> WHAT IS REQUIRED
Make an exact copy of all the data, pictures excluded.

> PROVIDED DATA
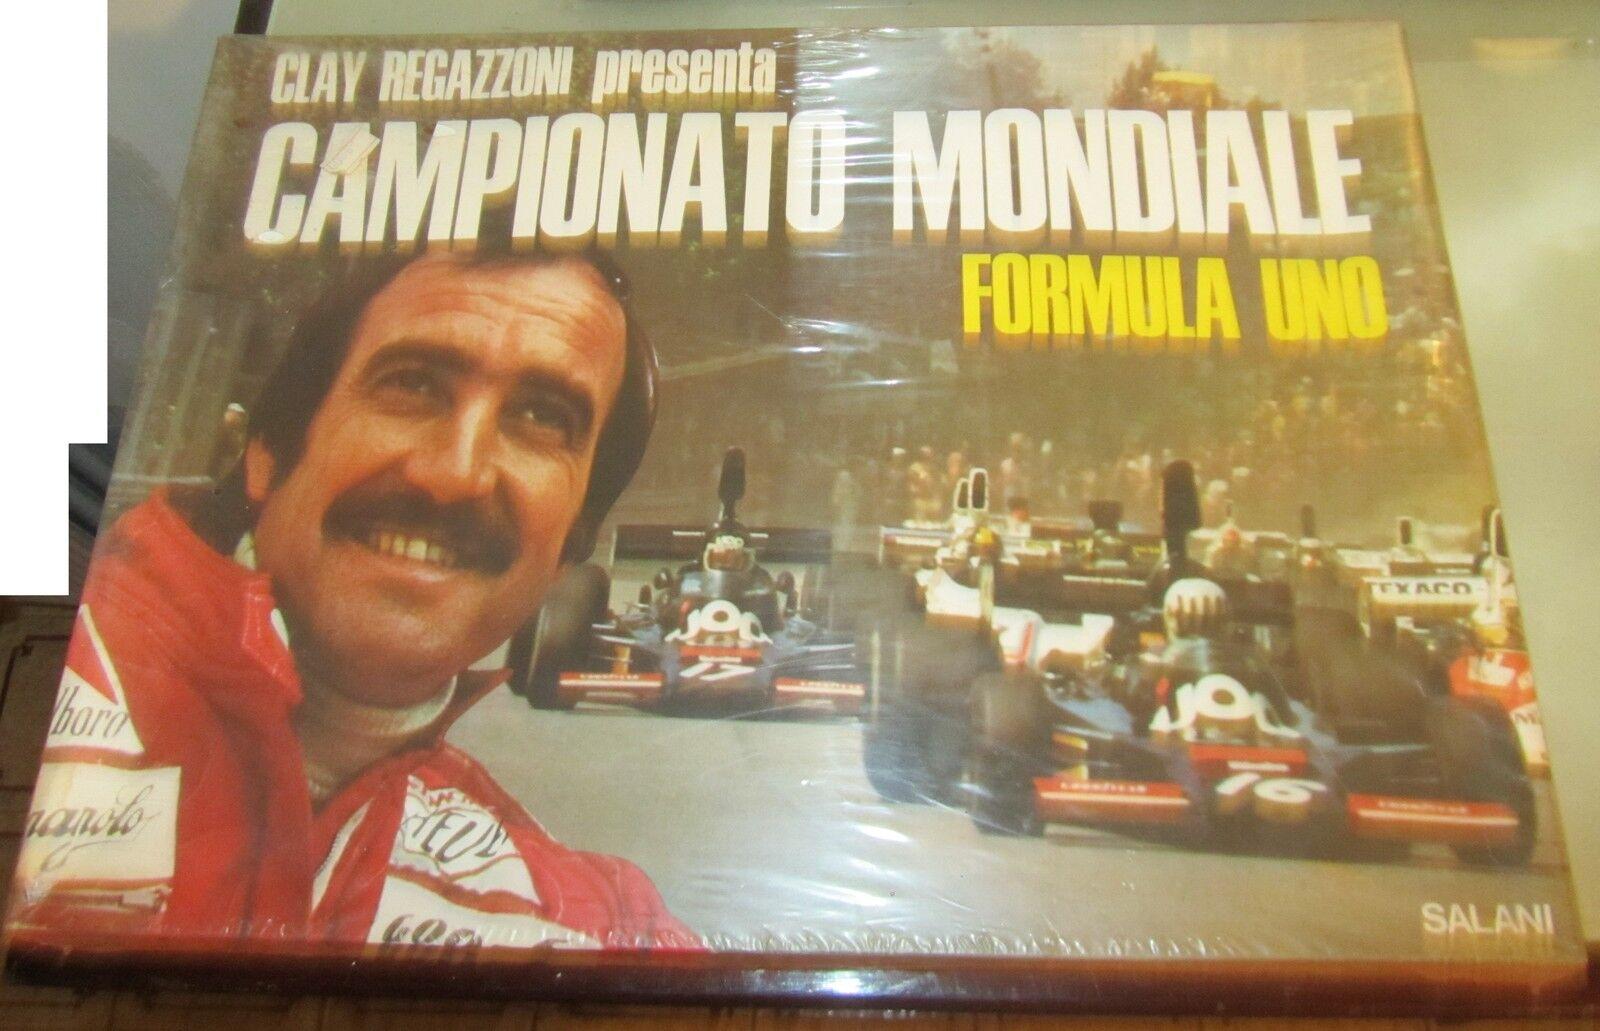 CLAY REGAZZONI presenta Campionato Mondiale FORMULA 1 Salani Uno vintage 1975
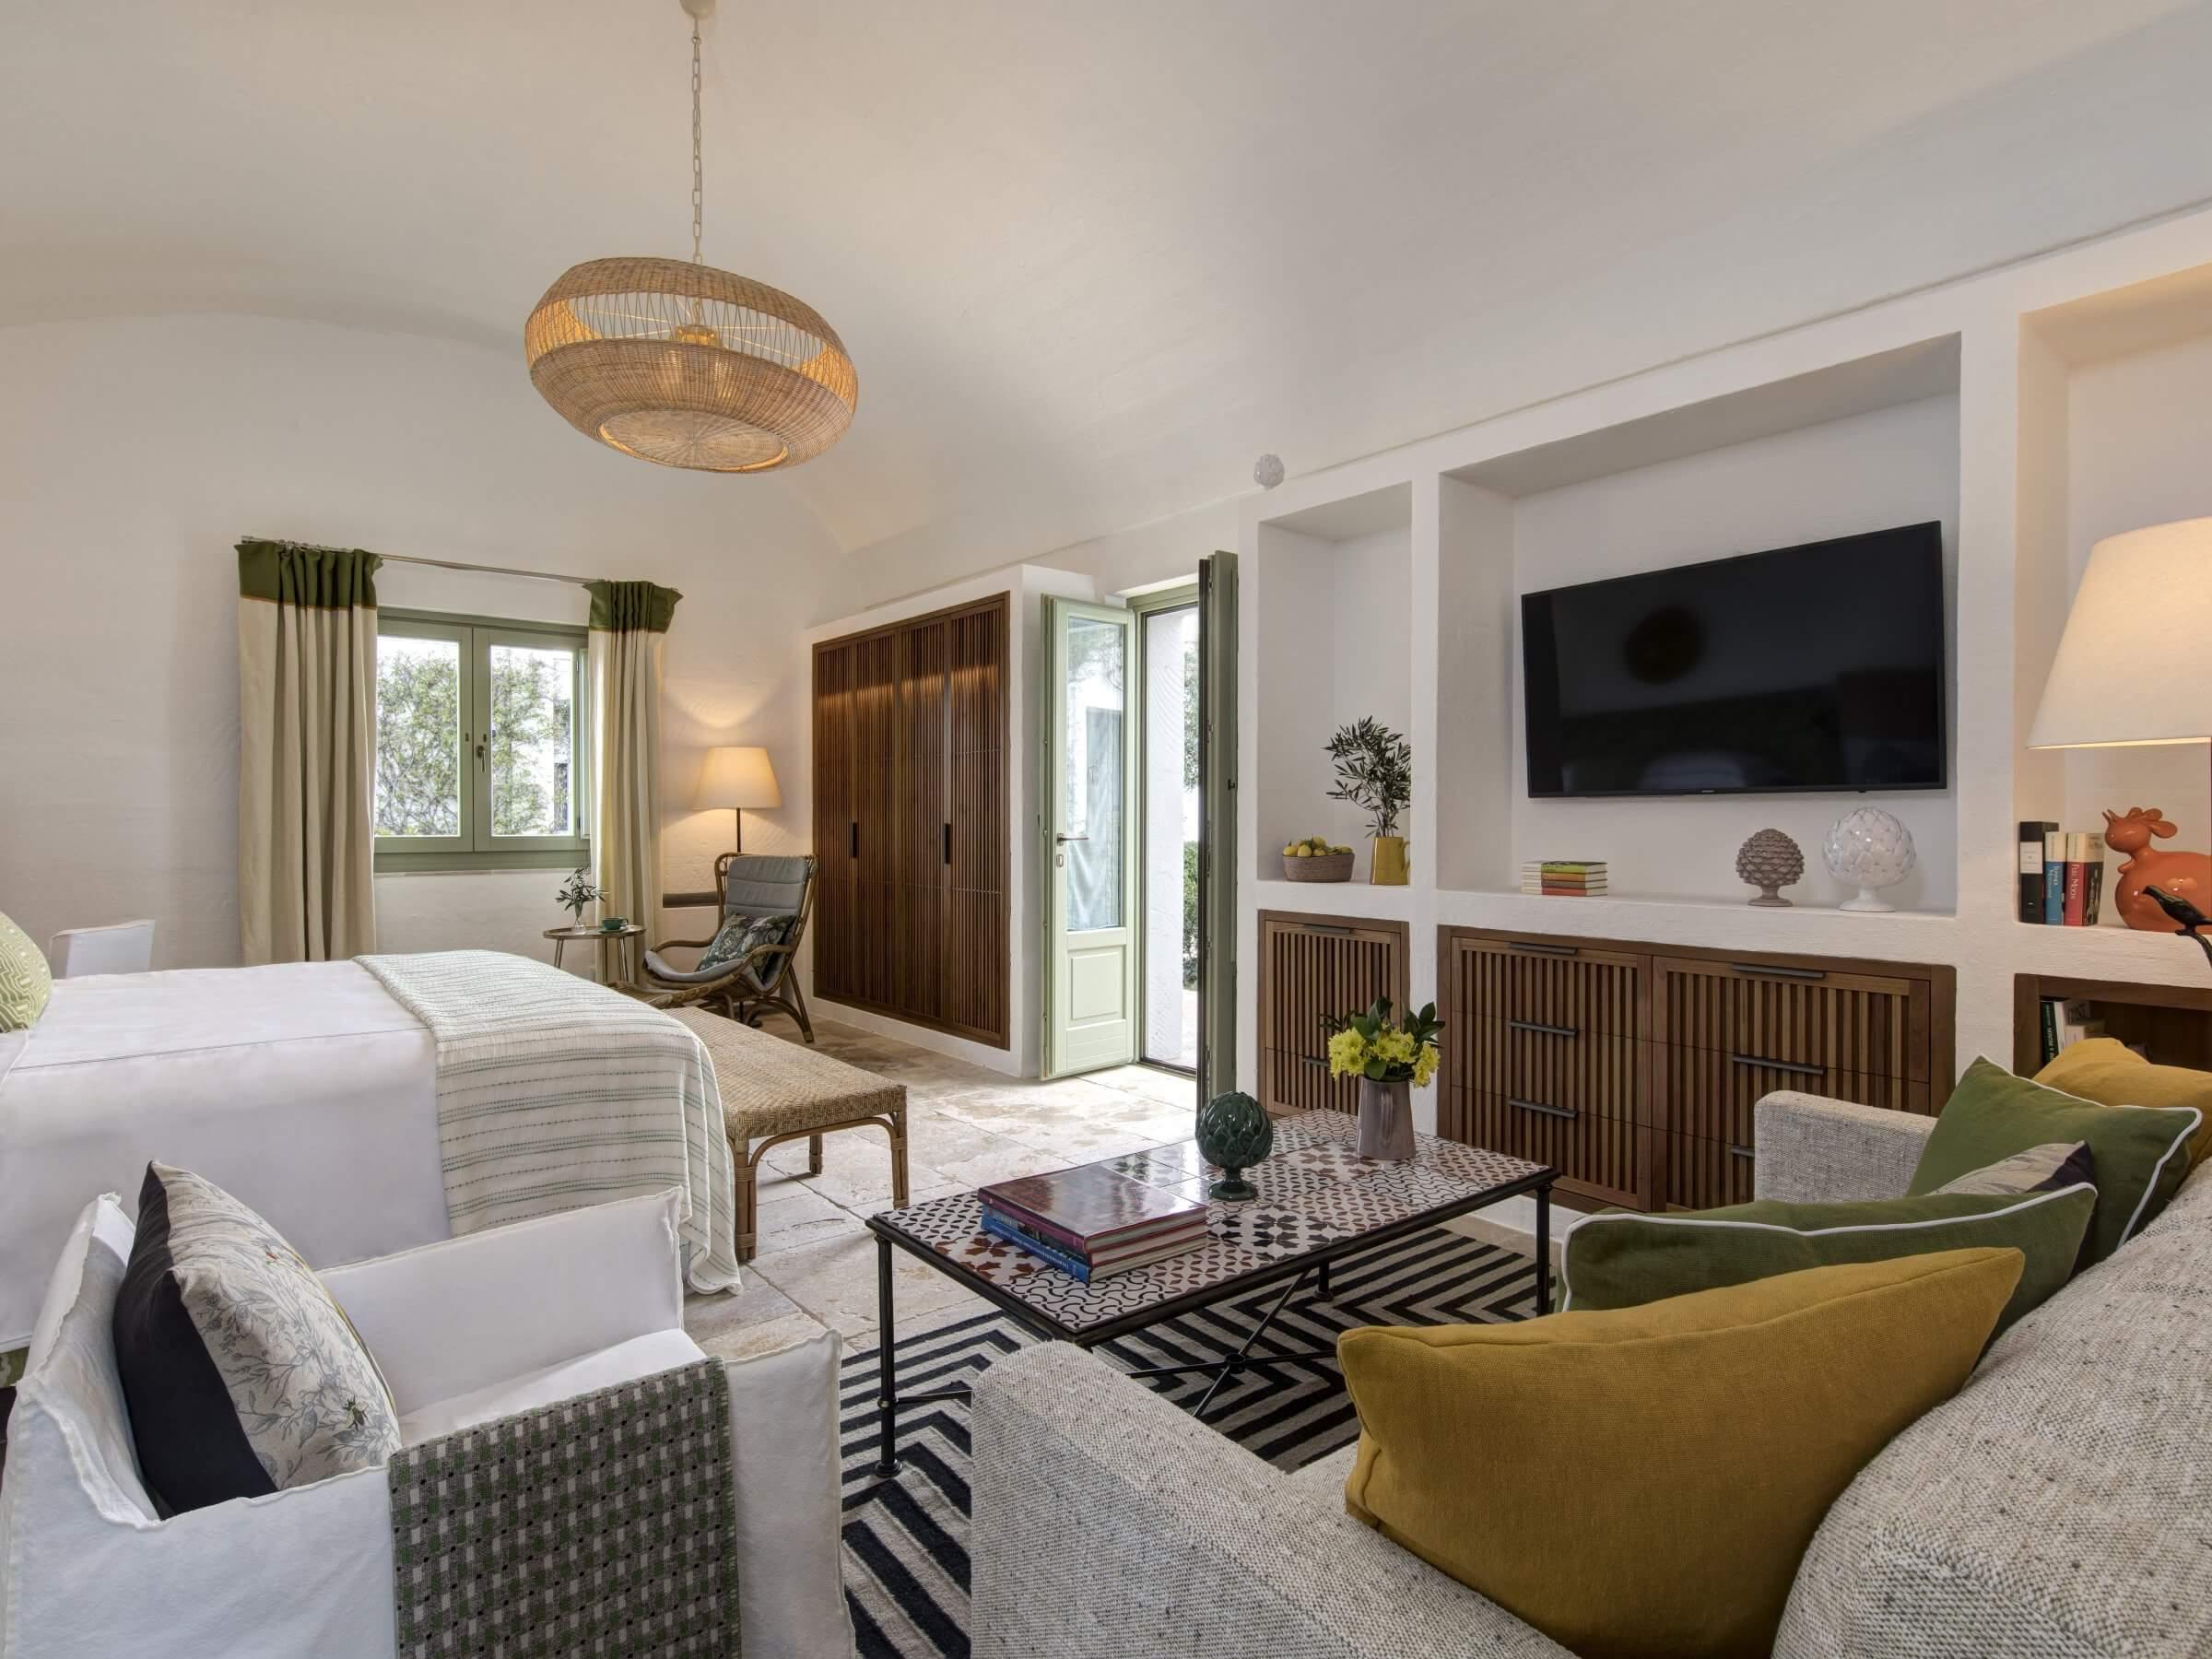 Masseria Torre Maizza_Room Overview
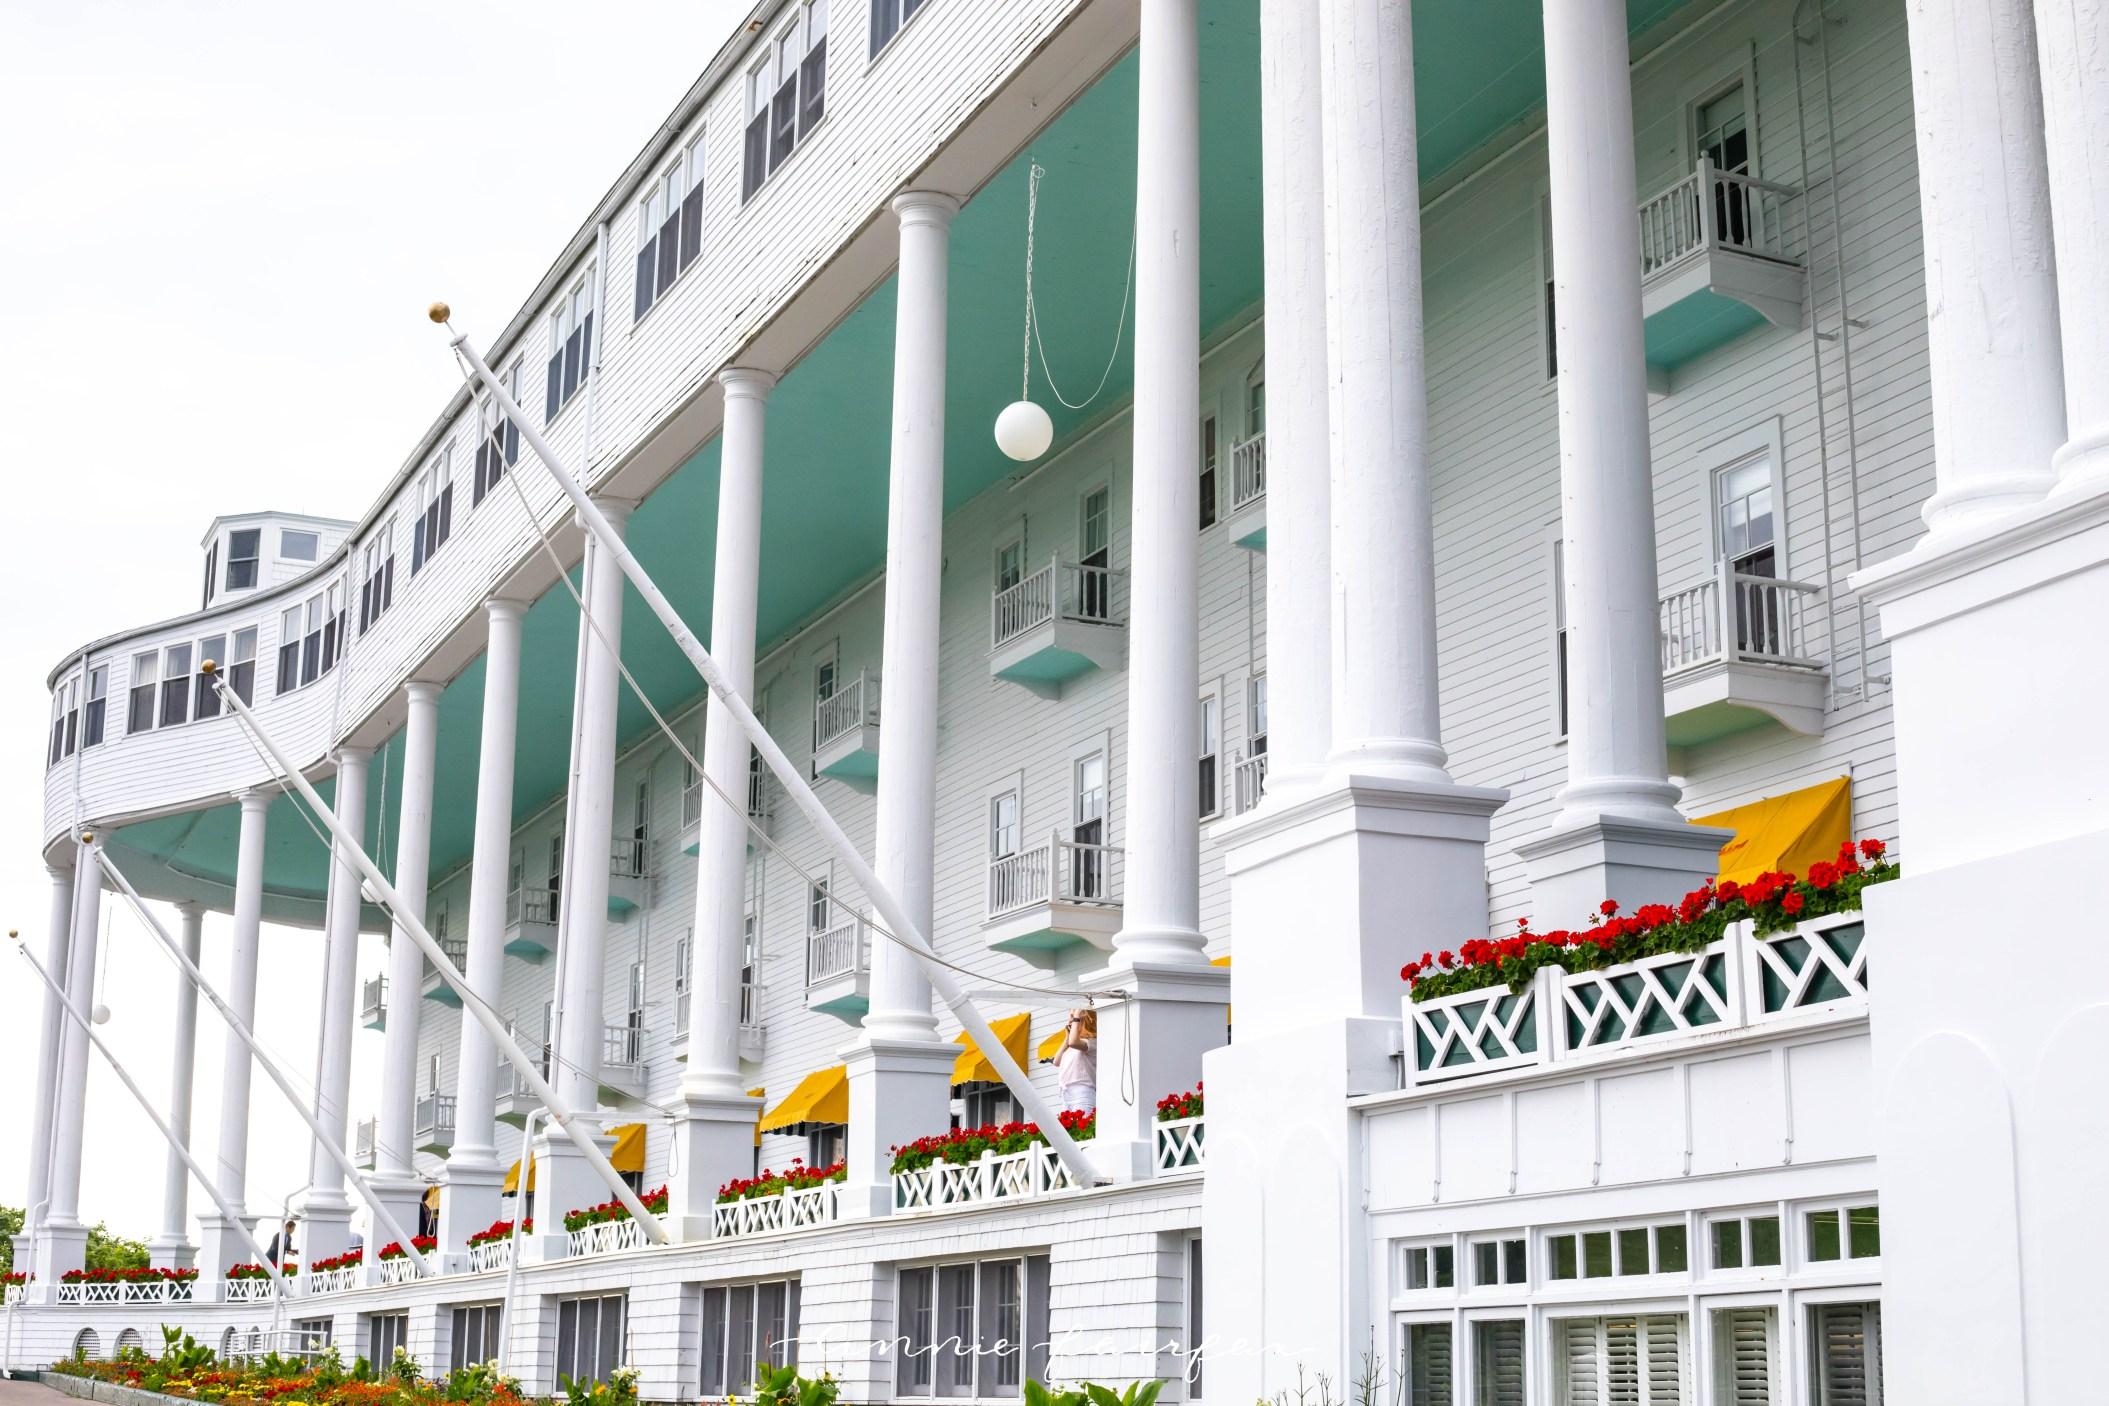 Word's Longest Porch Grand Hotel Mackinac Island Michigan inside Look Tour

> ANSWER SECTION
 CLAY REGAZZONI presenta Campionato Mondiale FORMULA 1 Salani Uno vintage 1975
 Masseria Torre Maizza_Room Overview
 Word's Longest Porch Grand Hotel Mackinac Island Michigan inside Look Tour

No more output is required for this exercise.